Проведем небольшой двухчастный эксперимент. Для начала автор хочет предложить вниманию уважаемых читателей две подлинные и яркие истории моделей великих произведений, каждая из которых могла бы послужить и другому искусству, став сюжетом книги или сценарием фильма. Что «подскажет» статистическая интуиция: «справедливы» ли аукционные результаты?

Путь от 105 тыс. до 6,8 млн долларов на Christie’s в 2008 году прошел «Портрет принцессы Сибиллы Клевской», впоследствии любимой модели Лукаса Кранаха Старшего, а пока, в 1526 году, 14‑летней невесты наследника саксонского престола Иоганна Фридриха Великодушного, воспитанника художника. Договорной брак принес Сибилле четырех сыновей, взятие на себя обороны родного города после пленения мужа и мучительное пятилетнее ожидание Иоганна Фридриха из заточения. Кстати, своей жизнью и возвращением к жене курфюрст Саксонский вновь оказался обязанным Кранаху Старшему: мастер подарил главе Священной Римской империи Карлу V Габсбургу, узником которого был Иоганн Фридрих, свою эффектную работу «Юдифь с головой Олоферна», в которой легко угадывались черты разлученных супругов; император не мог не оценить такого художественного дерзновения, противник был отпущен. Через год после спасения своего любимца Лукас Кранах скончался, еще через год с разницей примерно в месяц из жизни ушли курфюрст и курфюрстина Саксонские.

В 2010 году на Sotheby’s за 3,7 млн (при эстимейте в 600–900 тыс.) была продана непревзойденная по своей откровенности вещь американского скульптора, дизайнера и ландшафтного архитектора японского происхождения Исаму Ногучи «Ундина (Надя)», ранее реализованная чуть дороже 155 тыс. долларов США. Первый серьезный опыт молодого автора, отлитый в бронзе в единственном экземпляре в 1927 году по оригинальной гипсовой форме 1926‑го, впоследствии уничтоженной. Особую ценность «Ундине» придает то, что она была завершена за несколько месяцев до начала ученичества у выдающегося франко-­румынского скульптора-­авангардиста Константина Бранкузи, оказавшего безусловное влияние на своего подопечного. Вдохновляет на рождение идеи и в течение восьми месяцев позирует Ногучи его возлюбленная – русская балерина, эмигрантка Надя Николаева, будоражившая парижский клубный бомонд искусительным «змеиным» танцем в 1920‑е годы. По средневековой легенде, для обретения собственной души бессмертному духу воды, прекрасной, лишенной жалости Ундине нужно соблазнить мужчину. Закончив произведение, Ногучи оставляет Надю; в Америке он не создает ничего похожего на «Ундину».

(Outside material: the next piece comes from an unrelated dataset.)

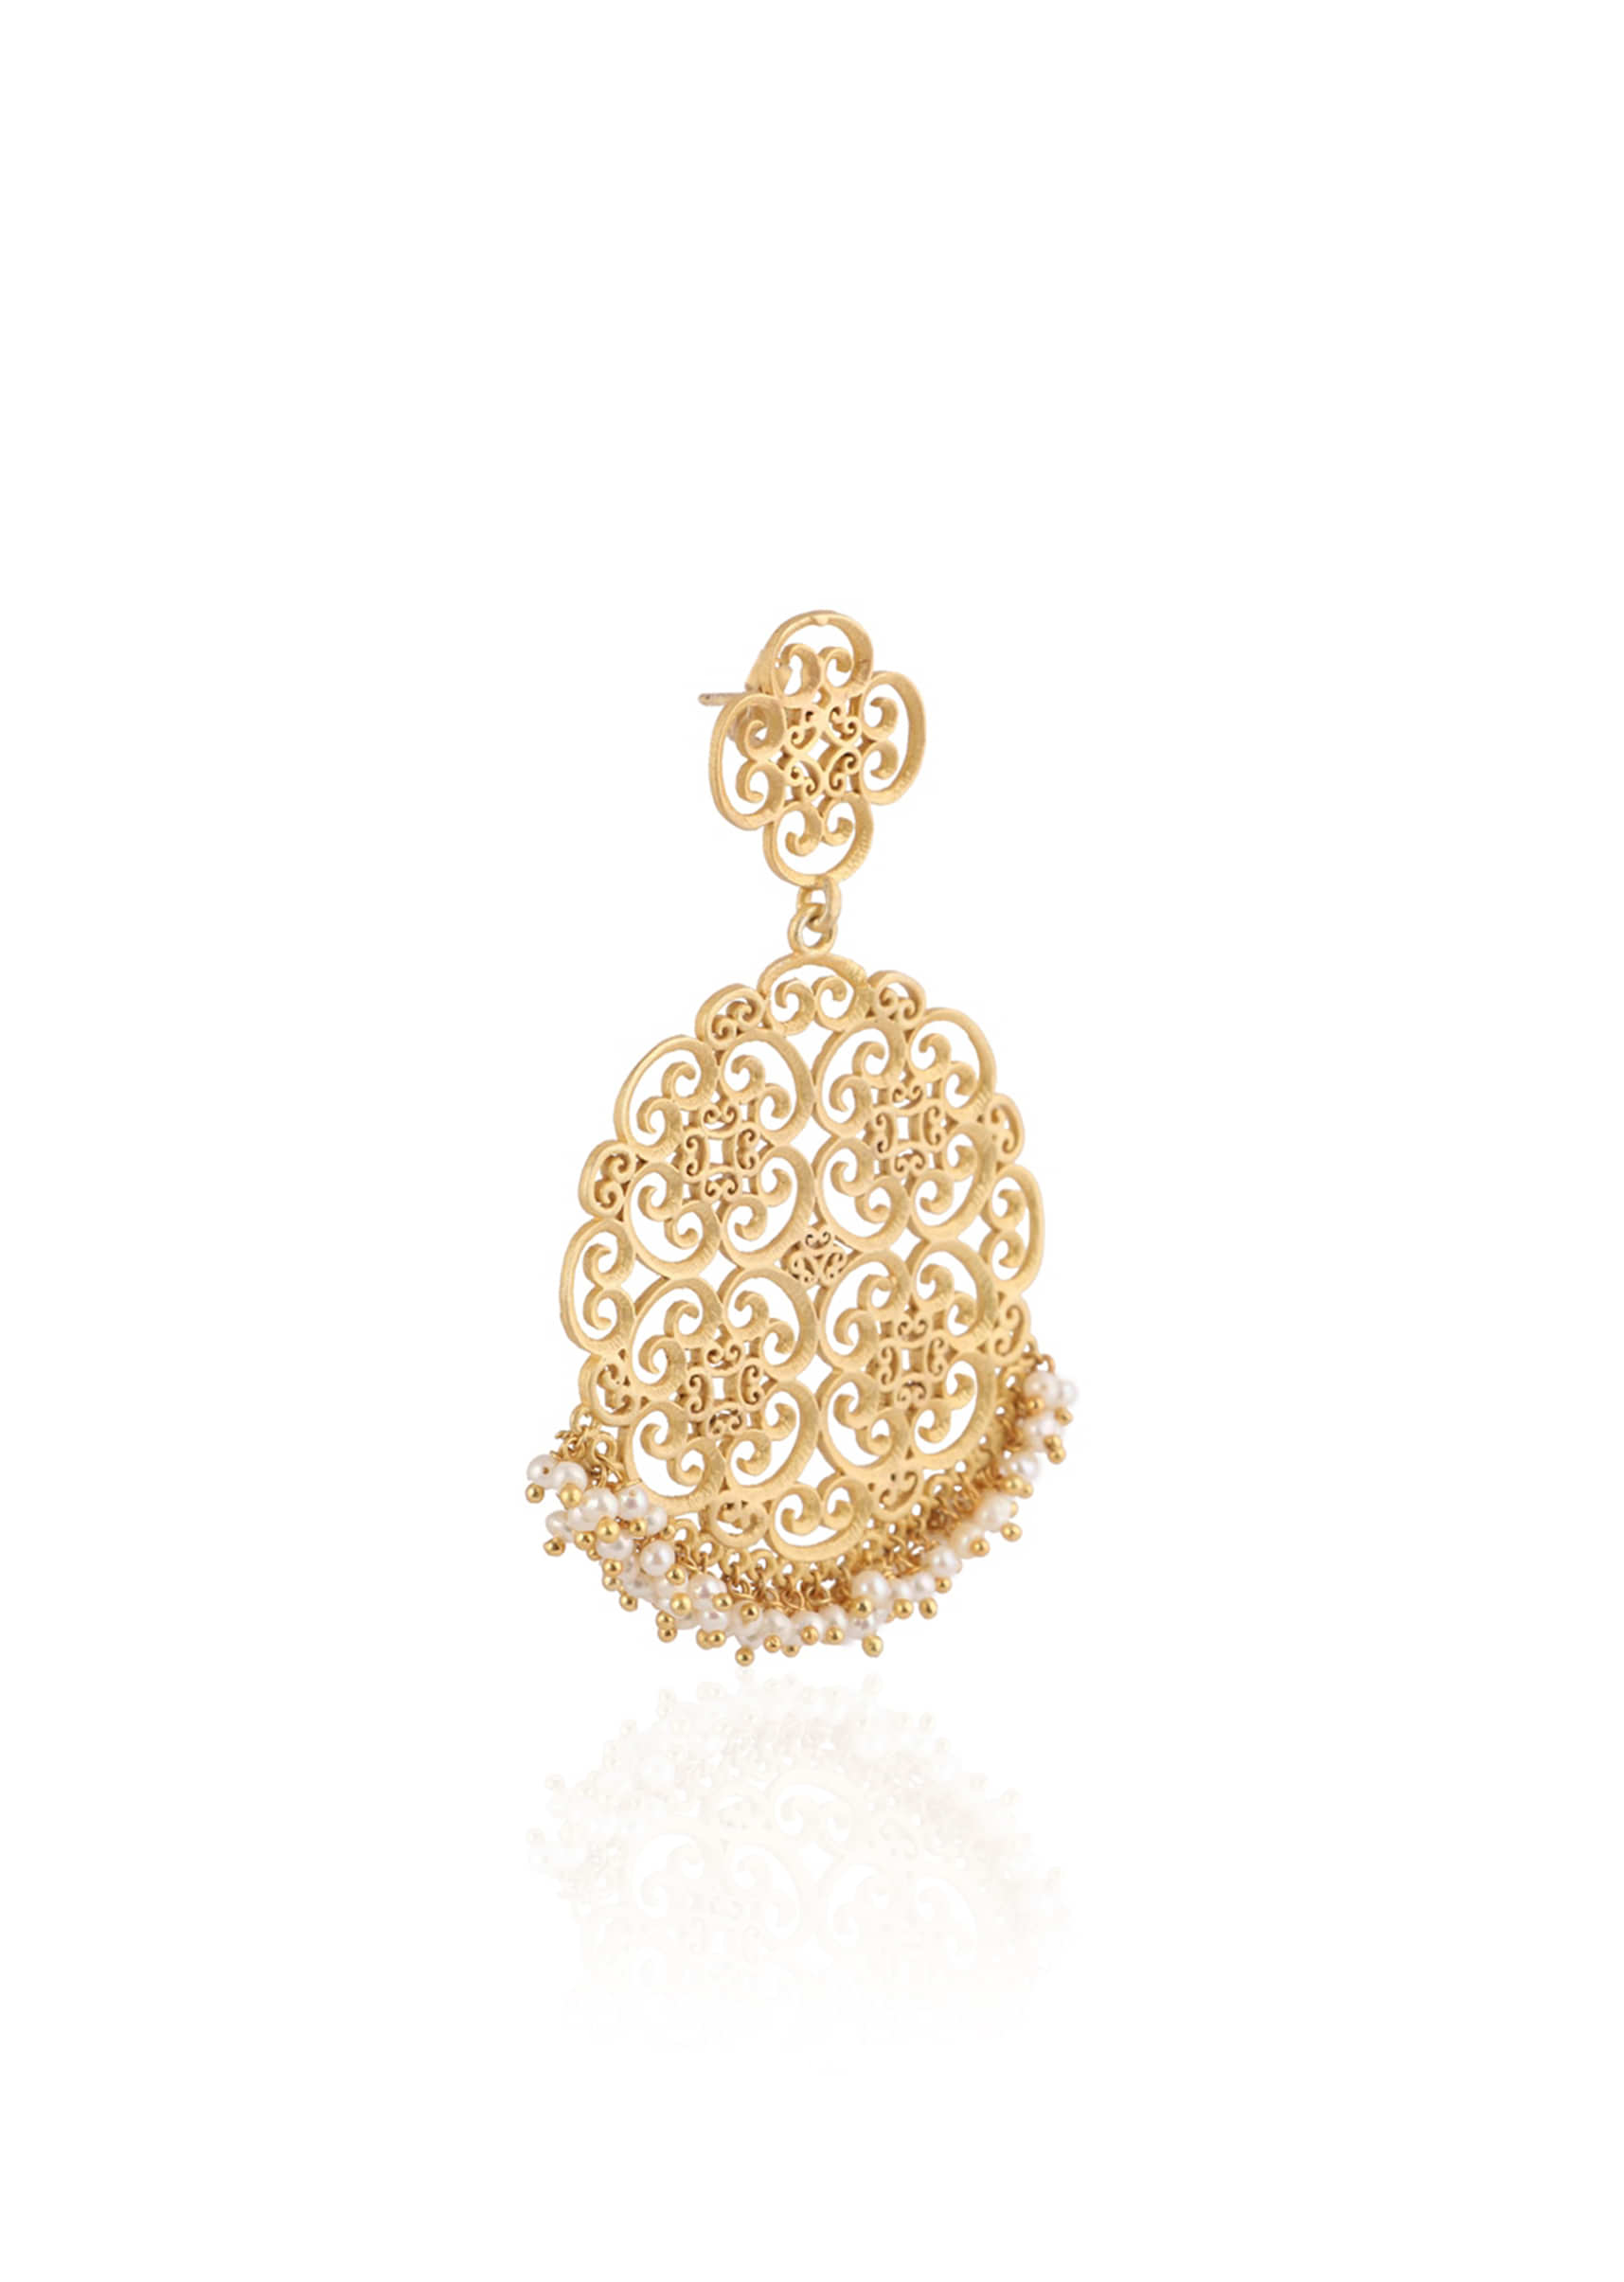 Gold Plated Oversized Disc Earrings With Delicate Filigree Detailing And Pearls By Zariin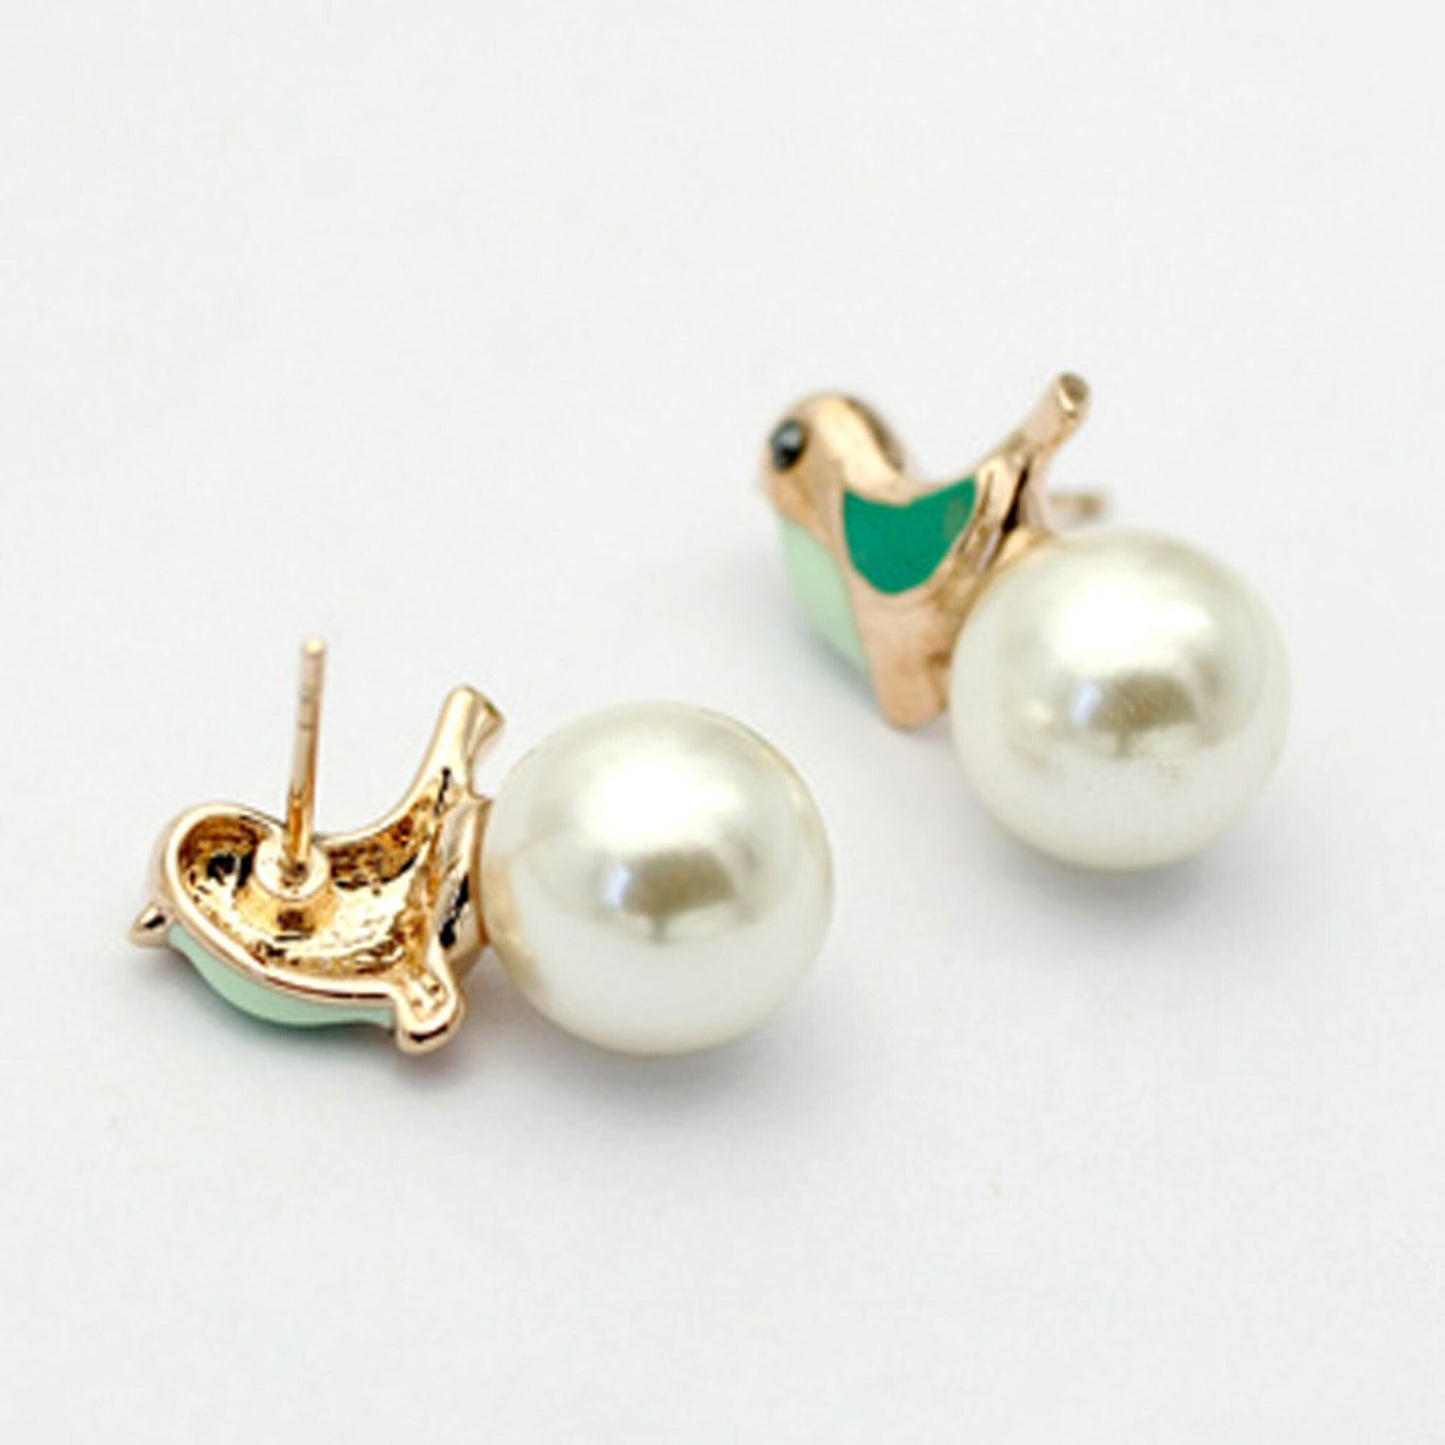 18k Gold Plated And Hand Painted Enamel, Green Bird And Pearl Earrings

Пора переходить к заключительной части условного эксперимента, за которой последует «неудобный» вопрос: не «пошатнулось» ли внутреннее «чувство справедливости»? Коллекционный путь «Сибиллы» и «Нади» не менее остросюжетен. Обе, бесспорно, фантастически подорожали, правда, первая – за 47 лет владения, вторая – за три года. Портрет Сибиллы стал одним из самых выдержанных лотов за всю историю рынка, Нади – одним из показателей наивысшей годовой эффективной ставки доходности. Само сравнение изображений этих таких разных женщин изначально не в пользу победительницы: наследие старых мастеров, особенно титанов Возрождения, подобных Кранаху Старшему, являясь работами музейного уровня, постоянно растет в цене; и верная «Сибилла» не может не принести прибыль своему хозяину. «Надя», пластика, нуждающаяся и в отдельных затратах на страхование, и в сложном размещении в пространстве, требовательна и капризна; но Ундине удается долгожданное соблазнение.

Если оценивать влияние длительности содержания актива в собрании, начиная с «эры вздутых цен», тем самым нивелируя бóльшую часть щедрого на спорадические события XX века, то выходит, что в новой арт-реальности успешная перепродажа произведения никоим образом не зависит от фактора времени.

Скалл vs Раушенберг

Но пока вернемся ненадолго в предшествующий период. В 1973 году на Sotheby’s New York прошел первый аукцион современного американского искусства с одним собственником; это был громкий торг знаменитой 50‑лотовой коллекции Скаллов, Роберта и Этель, владельцев Scull’s Angels – нечасто встречающейся службы такси с водителями, прошедшими курс этикета, а также многих новаторских работ своих гениальных современников. Выручка составила 2,2 млн долларов США, причем произведение Thaw Роберта Раушенберга из серии combine, блистательно соединившей живопись и скульптуру, будучи приобретенной в год создания, 1958‑й, за 900 долларов, ушло примерно за 85 тыс. По окончании аукциона нетрезвый обиженный художник устроил скандал, чуть было не закончившийся дракой со Скаллом, которого он обвинил, мягко перефразируя Раушенберга, в спекуляциях: «Я надрывался, чтобы ты получил эту прибыль». «Эта продажа обернется для тебя выгодой», – холодно и трезво парировал инвестор и оказался прав: Раушенбергу не пришлось умирать (в прямом смысле слова), чтобы добиться статуса одного из самых высокооплачиваемых творцов. Вскоре после торгов супруги развелись и еще около 10 лет, до смерти Роберта Скалла, делили оставшиеся, как оказалось, миллионные части некогда объединившего их собрания.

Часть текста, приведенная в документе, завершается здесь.